By Eleanor Yang Su
UNION-TRIBUNE STAFF WRITER
July 25, 2006
District officials say the proposal is the result of rapidly rising construction costs, overly optimistic construction estimates for the $685 million bond, and the completion of long-term facilities master plans that provided comprehensive redesigns for each of the district’s three campuses.
Despite the size of the proposed bond, district officials stress that the tax rate would not rise above the current cap of $25 per $100,000 in assessed property value. They can maintain the same cap because of escalating assessed property values, a growing number of condos and houses, and an extension on the period people will be taxed on the bonds. The earlier bond, known as Proposition S, is due to be paid off in 2030, and the new bond would extend payment by 13 years.
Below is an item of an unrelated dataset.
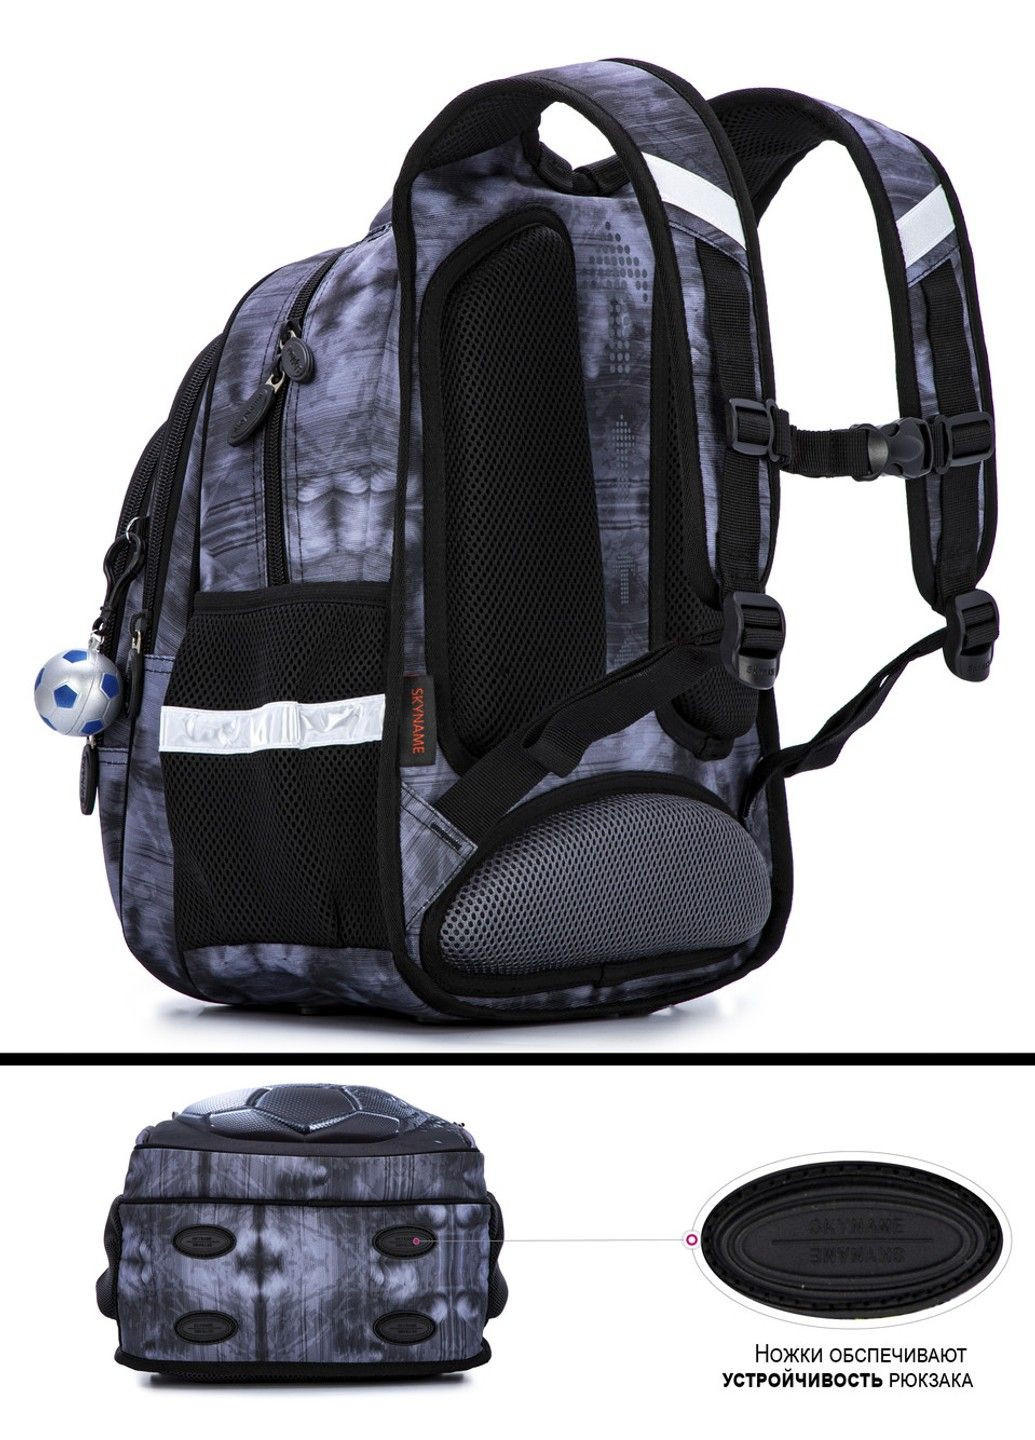 Шкільний рюкзак для хлопчиків SkyName R2-193 Winner One (278404536)

The proposed bond would tax about 229,400 homeowners living within the district boundaries, which roughly follows the city lines, not including Rancho Bernardo, Rancho Peñasquitos and Otay Mesa. The average home assessed at $291,000 would yield a maximum annual tax of $72.75.
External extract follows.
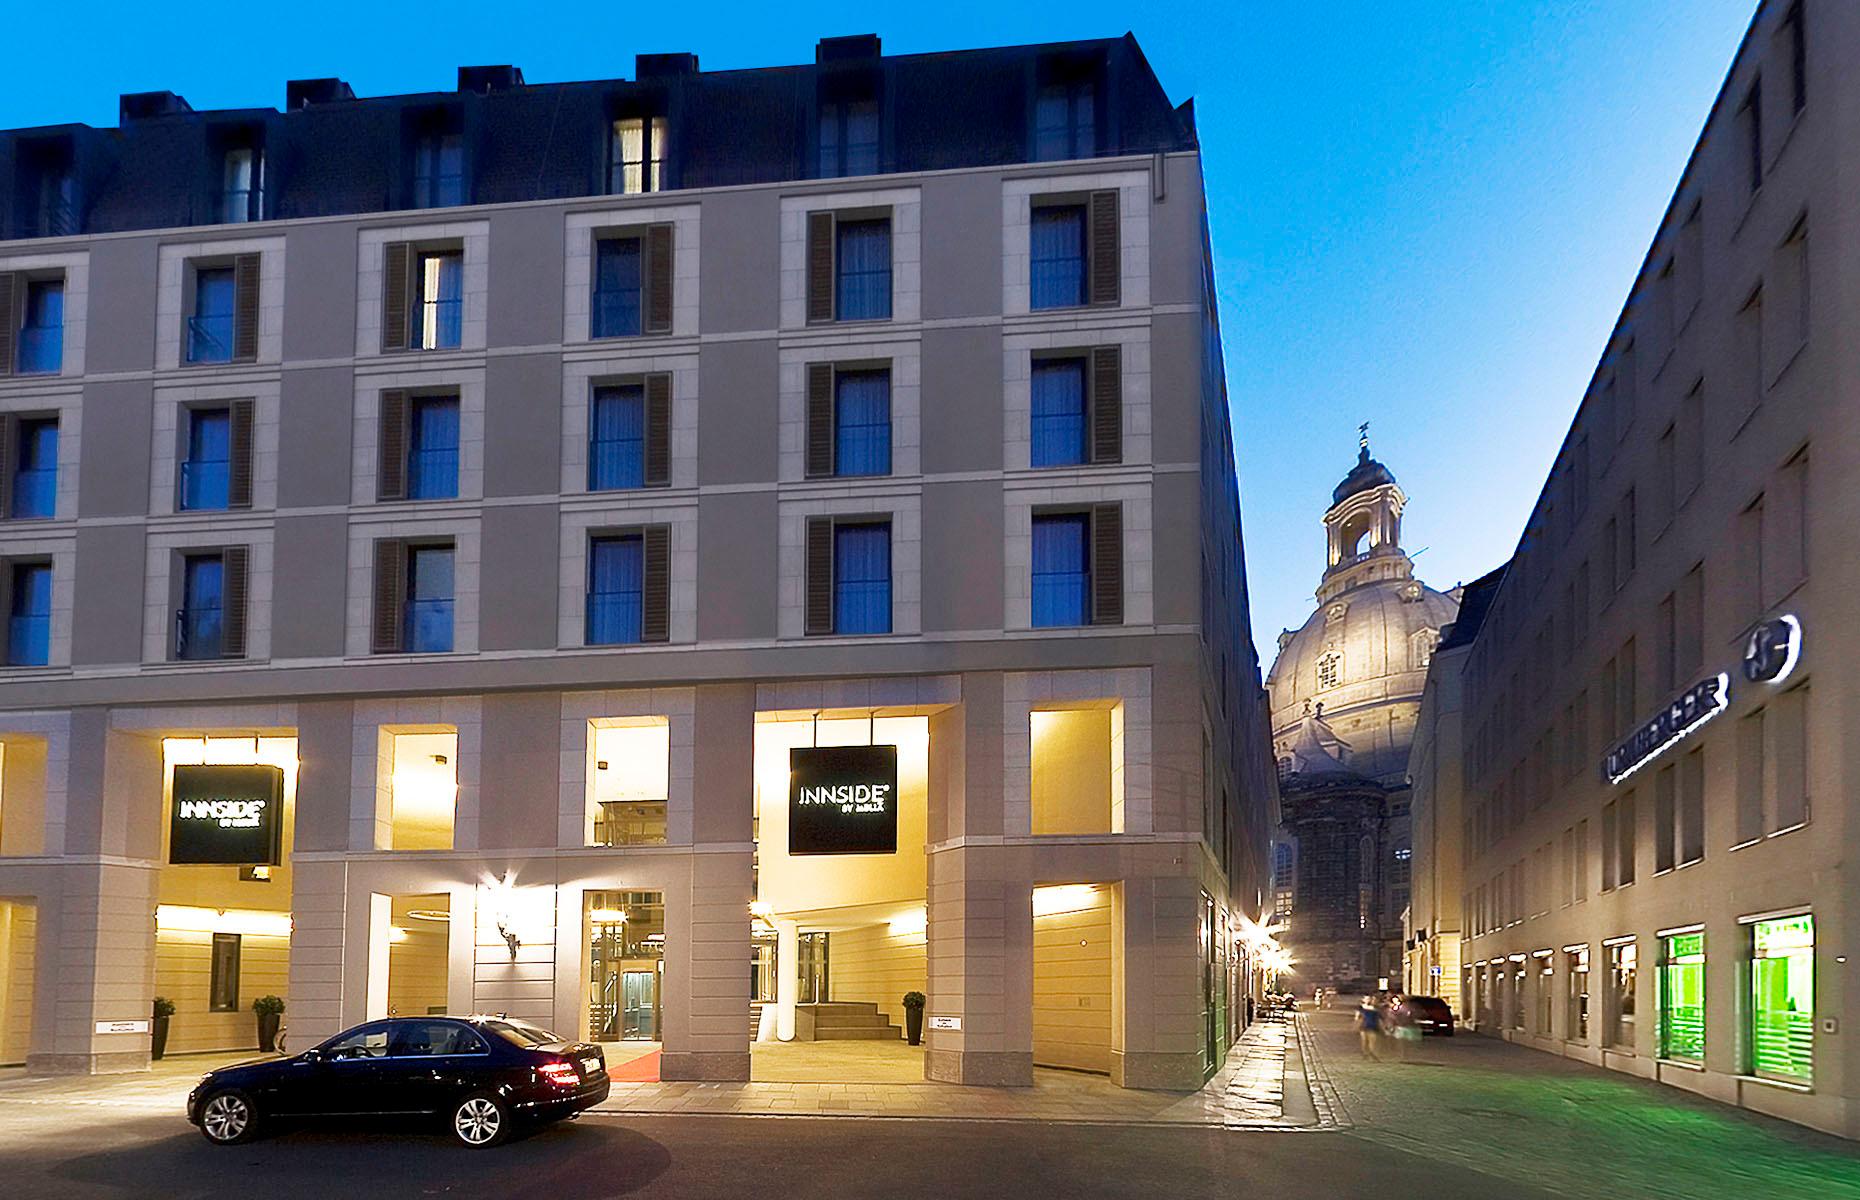 Das stylische Innside Hotel in Dresdens Altstadt:

During the past year, the district has plotted its long-term facilities plan, spending about $850,000 from Proposition S, soliciting input from students, faculty, staff, employers and community members and hiring architects to redesign the district.
“We feel that we owe it to our students and our communities to see that quality of instruction is matched by the quality of facilities,” said district Chancellor Constance Carroll. “If we held off, the buildings that we know we desperately need would not come about, and when we did get around to it, the buildings would cost much more in the future than they cost now.”
Among the projects proposed are:
A science building, engineering technology building, business technology building and humanities building at City College.
A math and science building, instructional technology building and instructional space for fine arts and dramatic arts at Mesa College.
A new student and campus center, renovations and upgrades to a science building, aviation maintenance technology center and public safety institute at Miramar College.
Several projects were supposed to be paid for by Proposition S, but the rising costs of construction means only about half the original list will be completed with that money, said Terry Davis, vice chancellor of business services.
Carroll said the proposed bond would probably be the last bond measure she could foresee for the next 50 to 75 years.
“We think this will take care of it,” Carroll said.
She added that she knows of no opposition to the bond, and external polling from October and June found about 62 percent of 800 homeowners polled said they would support the bond. The San Diego County Taxpayers Association has yet to take a position, and some critics of the bond passed in 2002 say they know too little about the project.
“It certainly raises my eyebrows that it’s for more money than the original one and so quickly after the last one,” said Ken Moser, a former district trustee and opponent of Proposition S. “I certainly don’t want another $100 in taxes, but I don’t know enough about it.”
Board President Marty Block said he’s optimistic for its chances.
“I very much support it because I think the strength of San Diego’s economy in the long run depends on the strength of the community college district,” Block said. “There are no frivolous projects on the list. Almost of them are for academic buildings.”